Monkey business and other catastrophes: The Dead Monkey @ParkTheatre @Mongrelthumb


The sphincter of modern life as viewed from a grimy, and gritty (well they live by the beach so sand in the house must be hell) American marriage is both absurd and fascinating in Mongrel Thumb’s production of The Dead Monkey.

From the minute you enter the smaller space of the Park Theatre it is as if you are transported to California where the sun, sand and surf are so enticing that people just drop out of life. Sure you may be living in poverty but what a lifestyle with linoleum floors, distressed furniture, an endless supply of oranges. But it is all incredibly evocative and alluring. 


It is this lifestyle that is where Hank and Dolores come from. But all is not well. The play opens with a vet standing over a dead monkey. Their pet monkey. He died from old age. And that is just the start of their problems.

As the play unfolds it becomes apparent that this layabout lifestyle has taken its toll on more than just the monkey. After fifteen years of surfing and monkeying around, this marriage is on the brink.


The piece is both hilarious and dark. It varies between the two so much that you are not really shocked about how things pan out.

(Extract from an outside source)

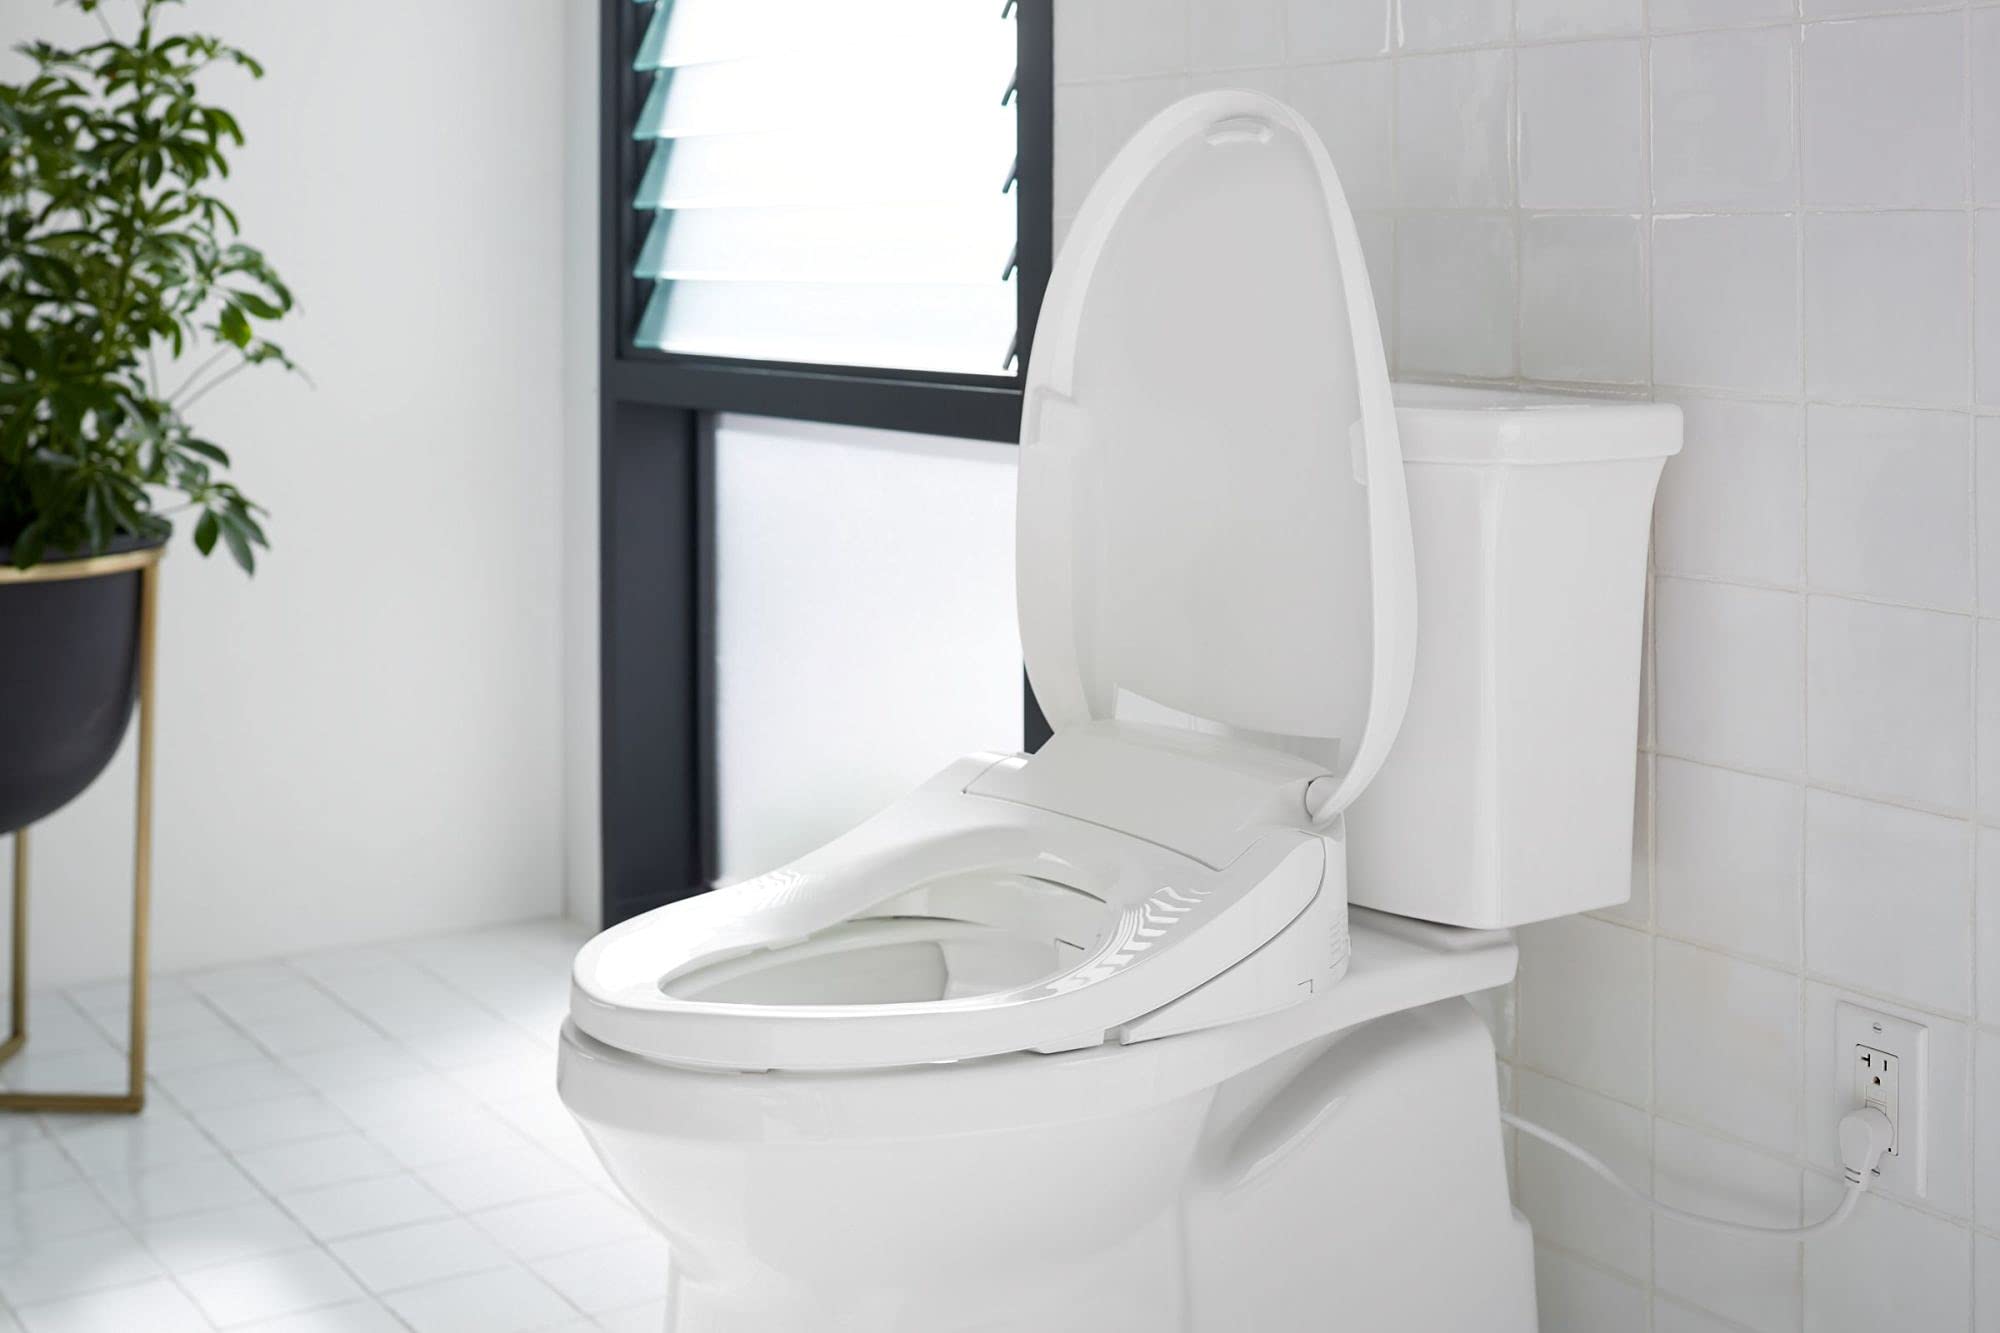 KOHLER 8298-CR-0 C3-455 Elongated Bidet Toilet Seat, Heated Bidet, Bidets for Existing Toilets with Remote Control, White

Nick Darke’s play is so layered with meaning and witty observations you could have endless conversations about the piece long after the show. Lost youth, pets as an excuse to perpetuate an exhausted relationship, dirty bare feet (actually that’s probably more to do with dust from the set); there are so many different meanings to this piece.

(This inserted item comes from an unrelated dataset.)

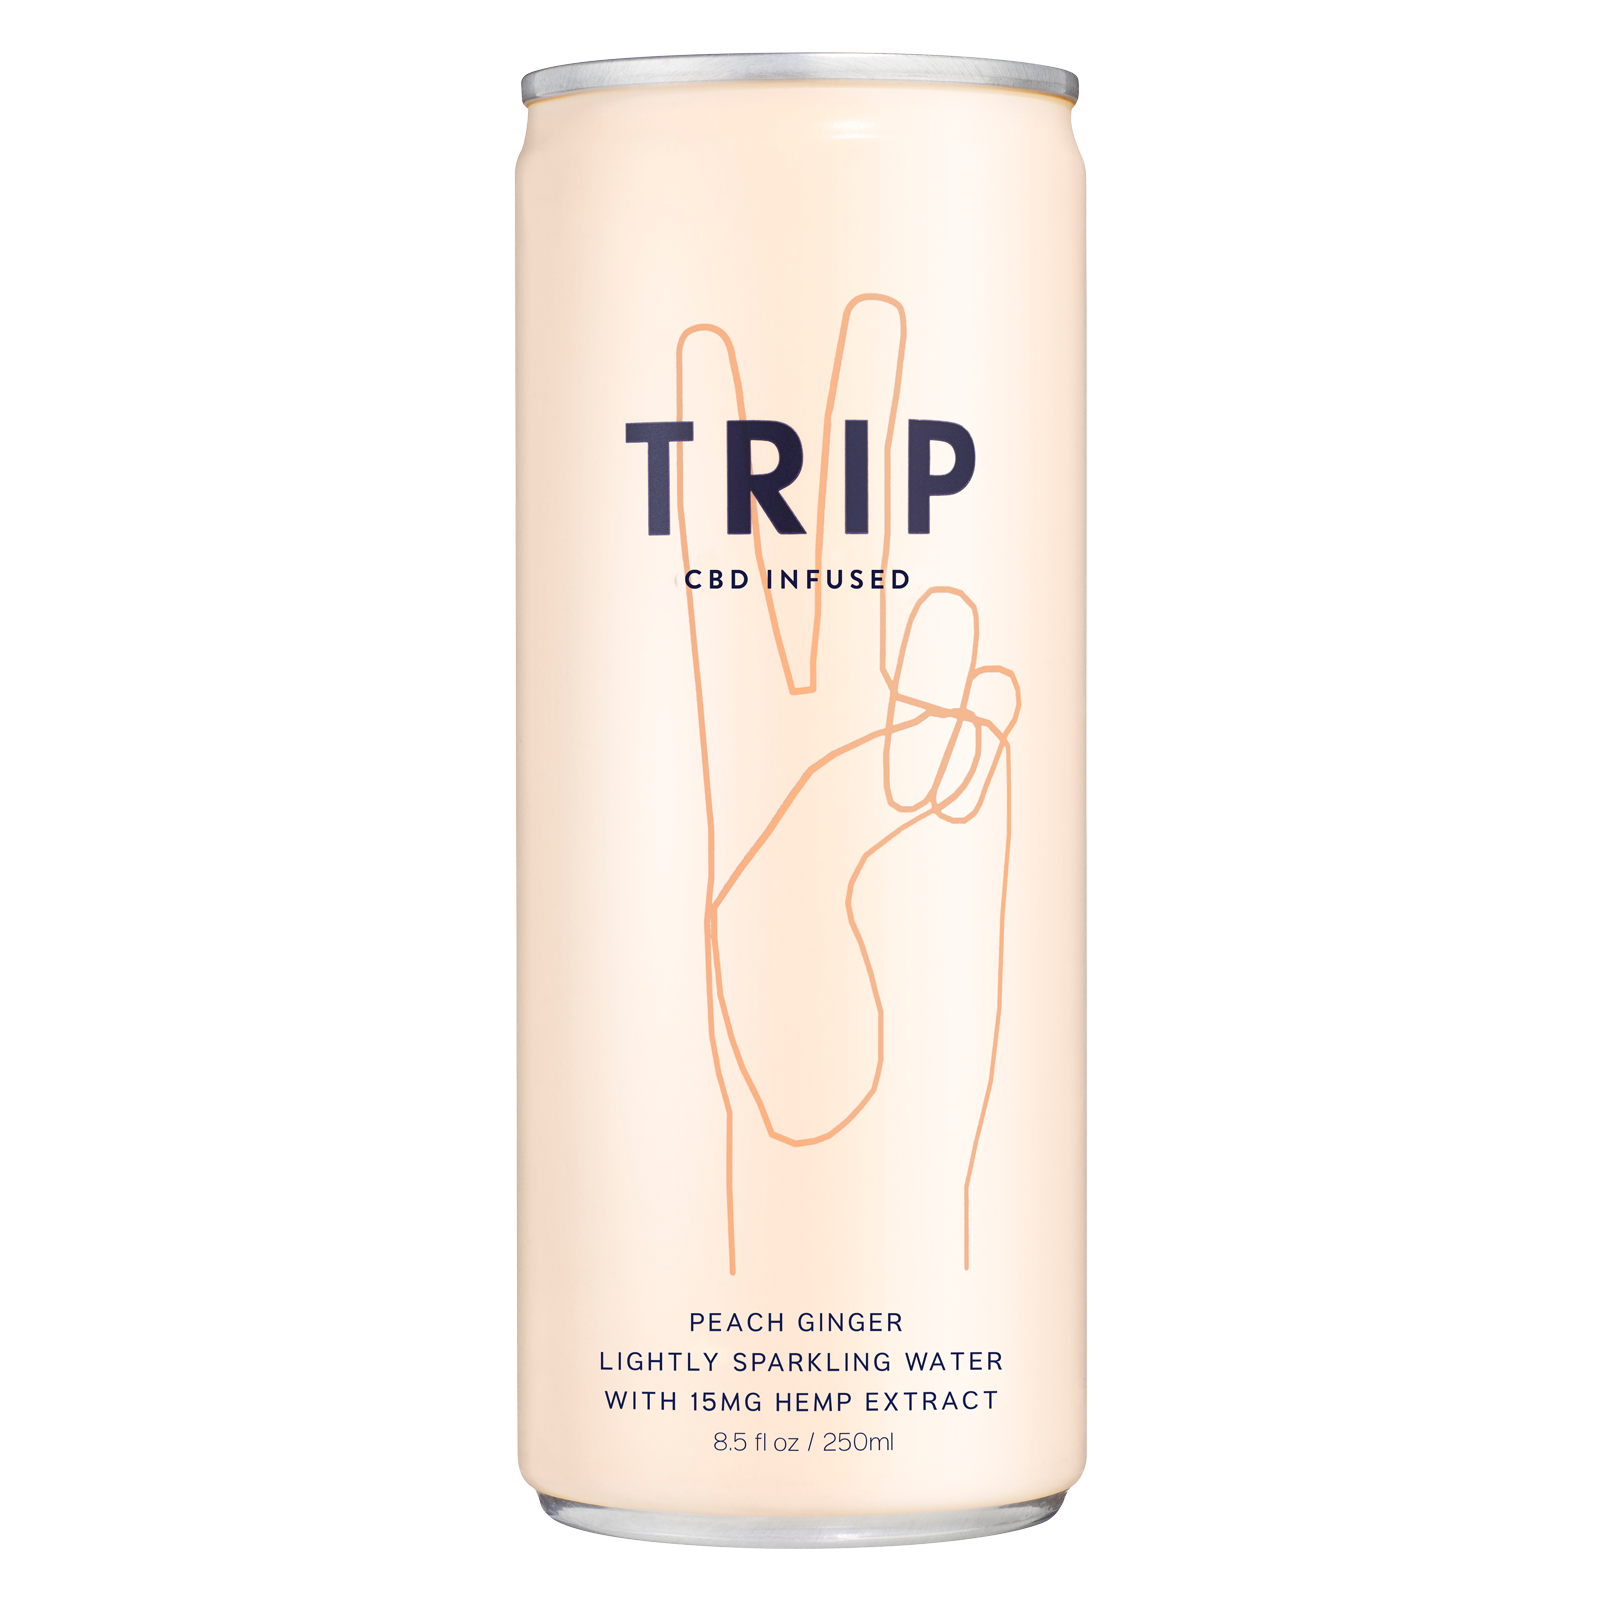 TRIP Peach Ginger CBD Infused Drink 8.5oz

Central to the success of the piece are the terrific performances by the two leads. Ruth Gibson plays Dolores, a lady who has a natural gift for dealing with animals. She transforms from what at first appears to be a ditsy blonde to a resourceful yet trapped person. There is a scene in the second half of the piece where she returns after confronting a friend and you realise that she is cunning, but not clever enough to move out of a doomed relationship.

James Lance with his little pot belly, overgrown moustache and not very successful job as a salesman “gunning down the highway” selling crap, strikes you at first as mostly harmless. But the cleverness in his transformation is how by the second half of the show that this dopey demeanour hides a bitterness and resentment about what he has become over time.

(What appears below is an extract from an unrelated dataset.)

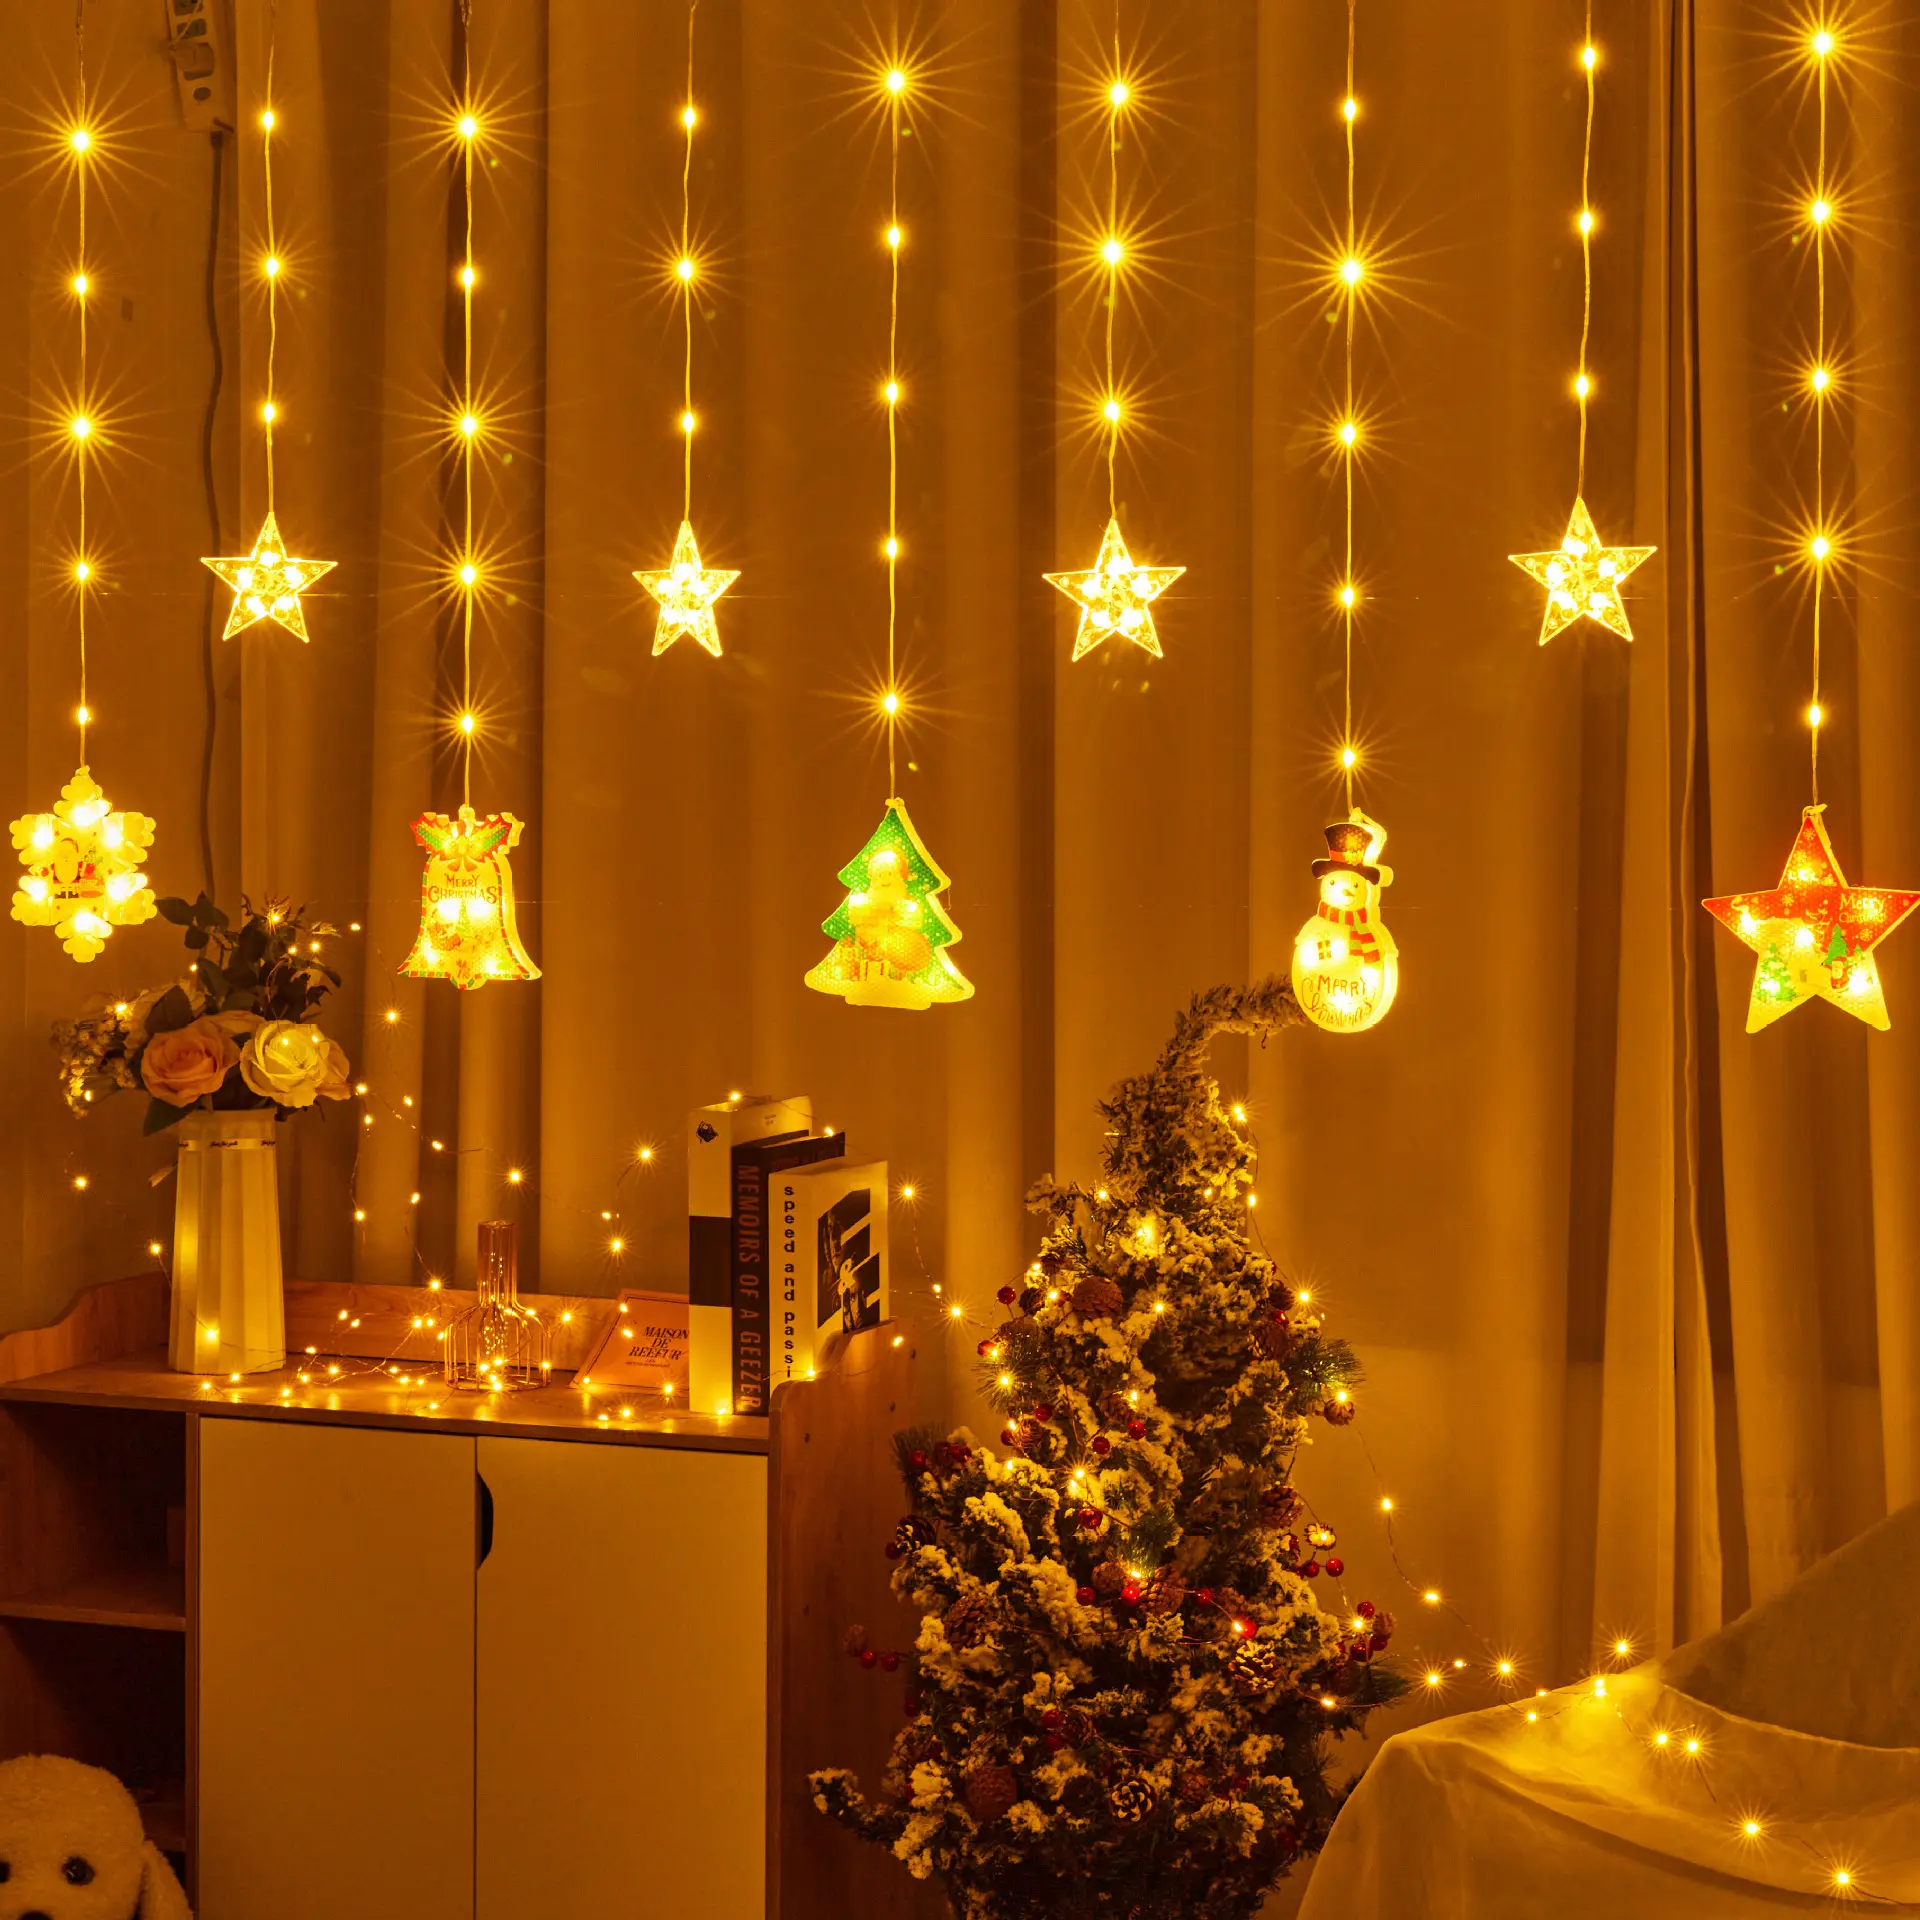 LEDカーテンフェアリーライトLEDクリスマスデコレーションラインストリングライトパーティーモールルームレイアウトウィンドウビューライト中庭

The Dead Monkey is writer Nick Darke’s most famous play, and this production comes ten years after his death, and almost thirty years since it was first performed by the RSC at the Barbican. Time seems to have made it as relevant as ever.

Yet another classy production from Mongrel Thumb, directed by Hannah Price. And anything with a monkey in the show gets me into it... It runs through to 4 July. Don’t miss it.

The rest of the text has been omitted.